---- Exercise inputs
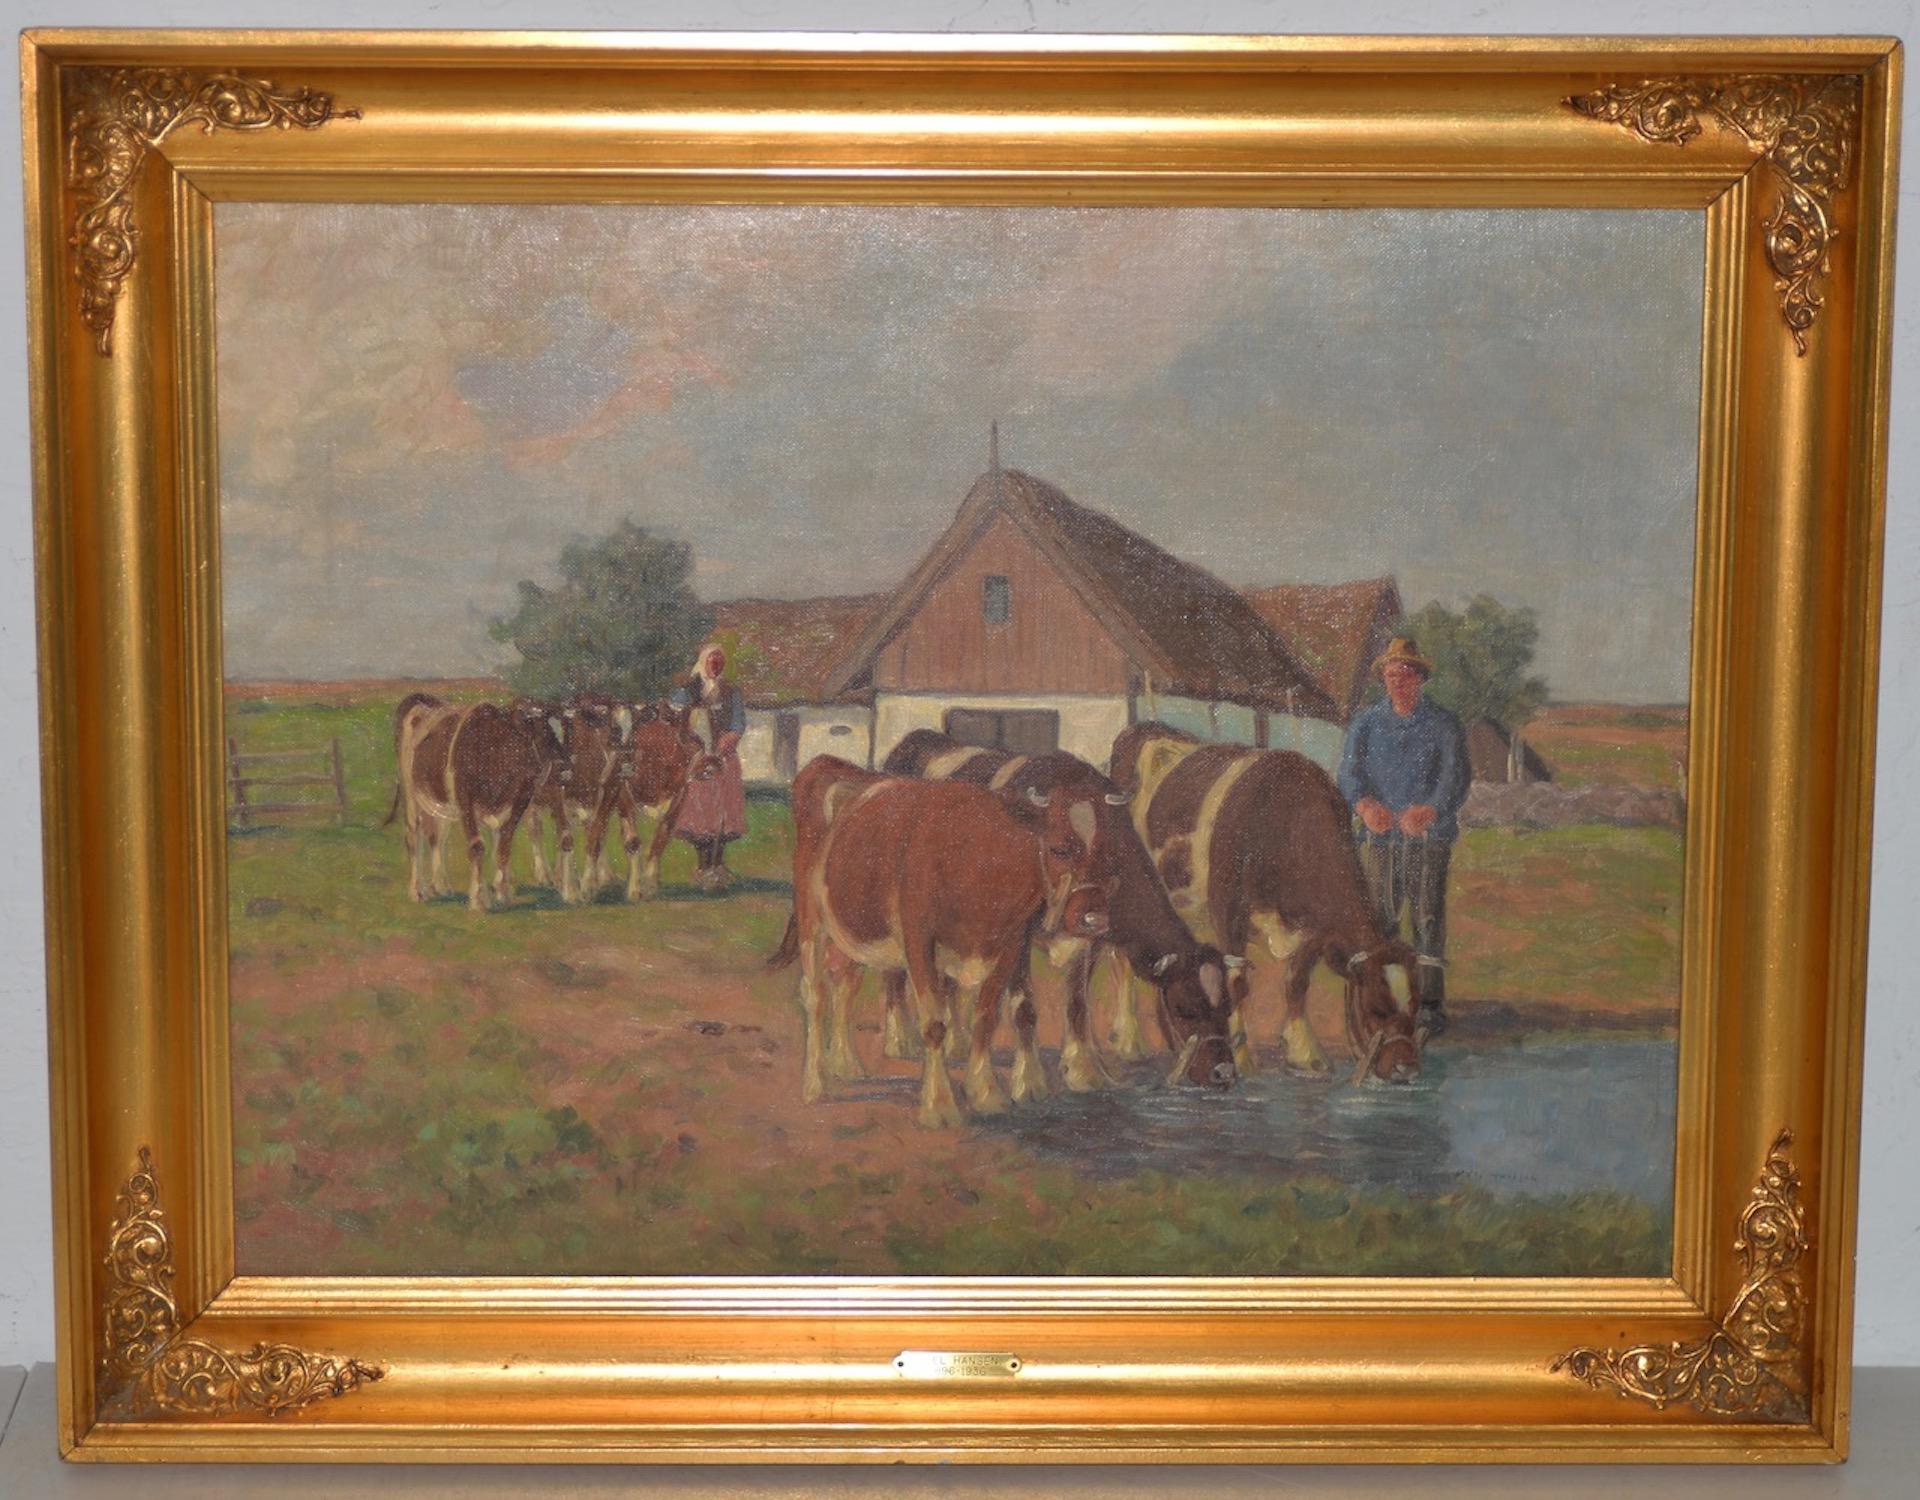 Axel Hansen (Dutch, 1896-1936) Landhauslandschaft mit Rindern, ca. 1920er Jahre

Schönes impressionistisches Ölgemälde des dänischen Malers Axel Hansen.

Das Gemälde zeigt ein junges Paar auf dem Bauernhof der Familie. Ihr Haus ist ein
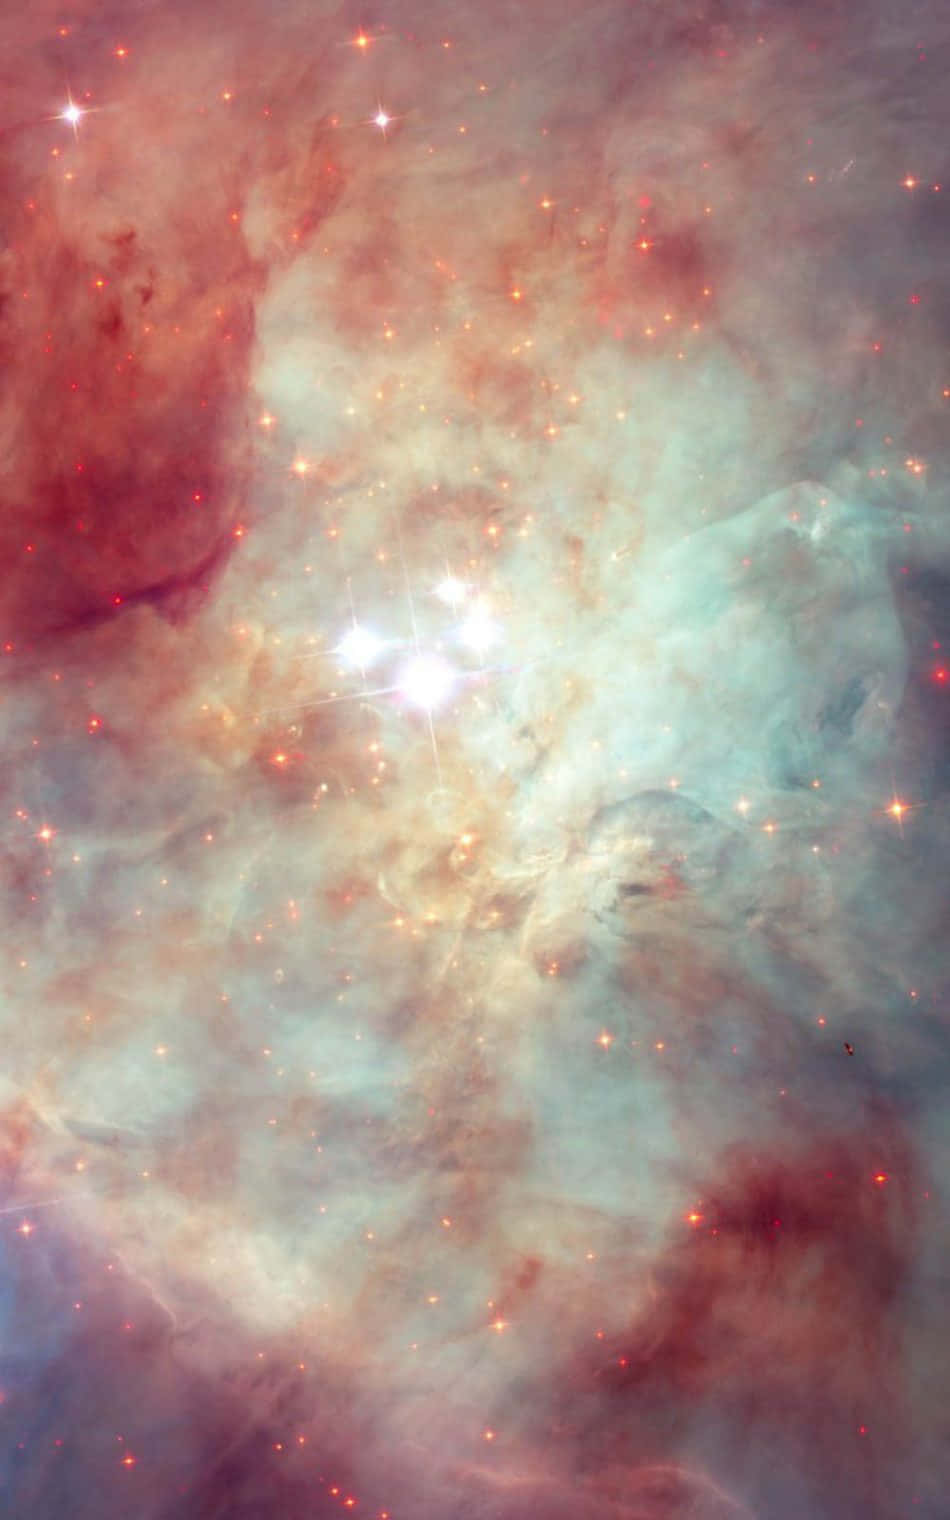 Unavista Impresionante De Una Nebulosa Colorida En El Espacio.
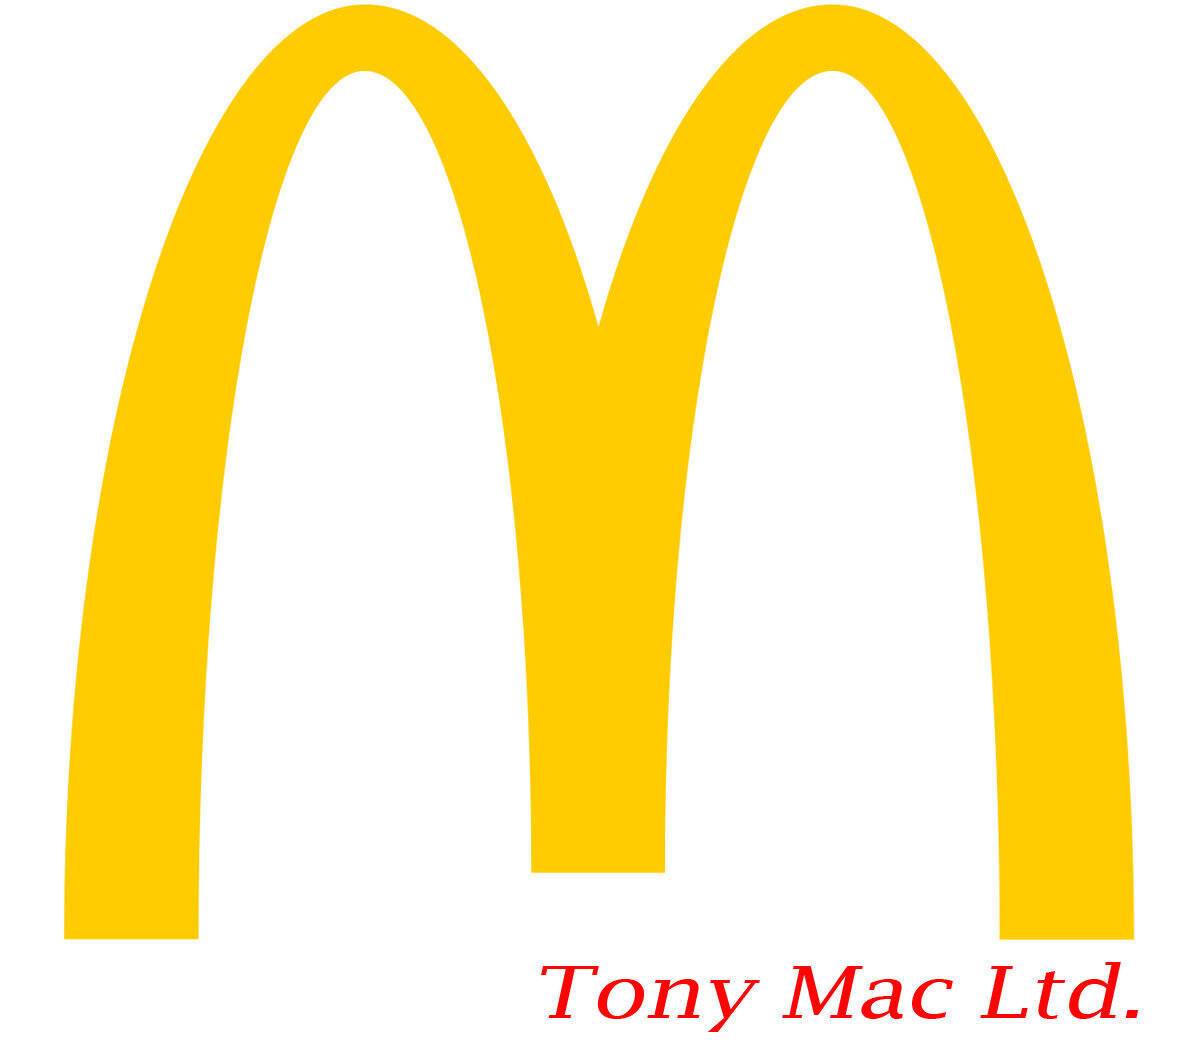 Tony Mac Ltd
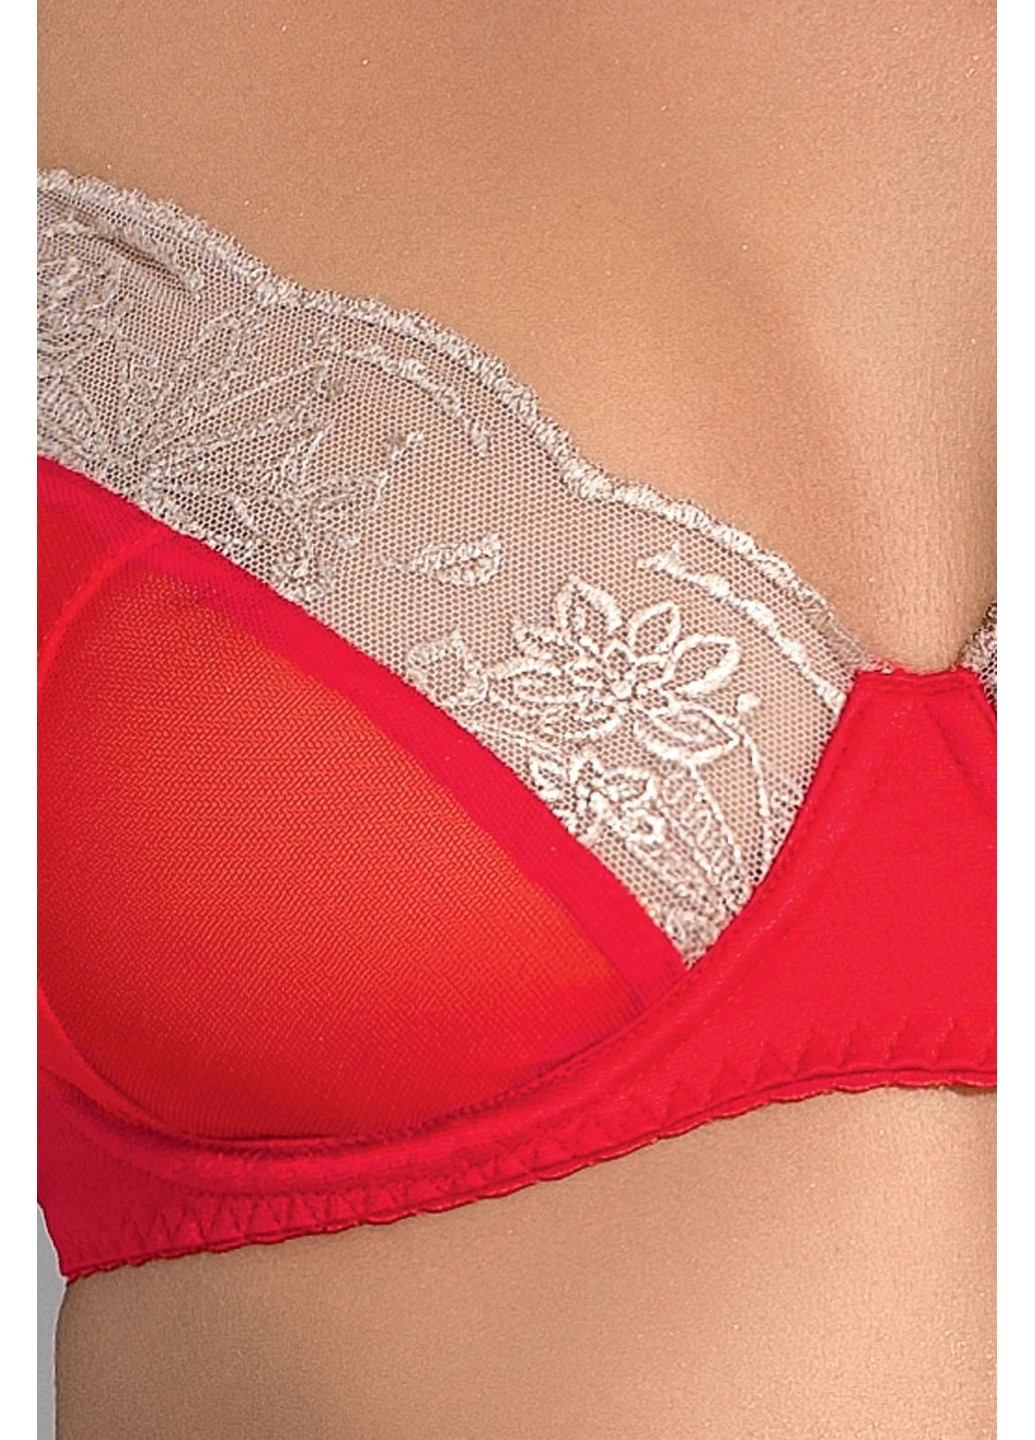 Комплект белья LORAINE SET red L/XL - Exclusive: лиф, стринги, пояс для чулок Passion (255457791)
--------
An exact copy of the entries above, with no pictures, is the required answer.

- Answer to this task:
 Axel Hansen (Dutch, 1896-1936) Landhauslandschaft mit Rindern, ca. 1920er Jahre

Schönes impressionistisches Ölgemälde des dänischen Malers Axel Hansen.

Das Gemälde zeigt ein junges Paar auf dem Bauernhof der Familie. Ihr Haus ist ein
 Unavista Impresionante De Una Nebulosa Colorida En El Espacio.
 Tony Mac Ltd
 Комплект белья LORAINE SET red L/XL - Exclusive: лиф, стринги, пояс для чулок Passion (255457791)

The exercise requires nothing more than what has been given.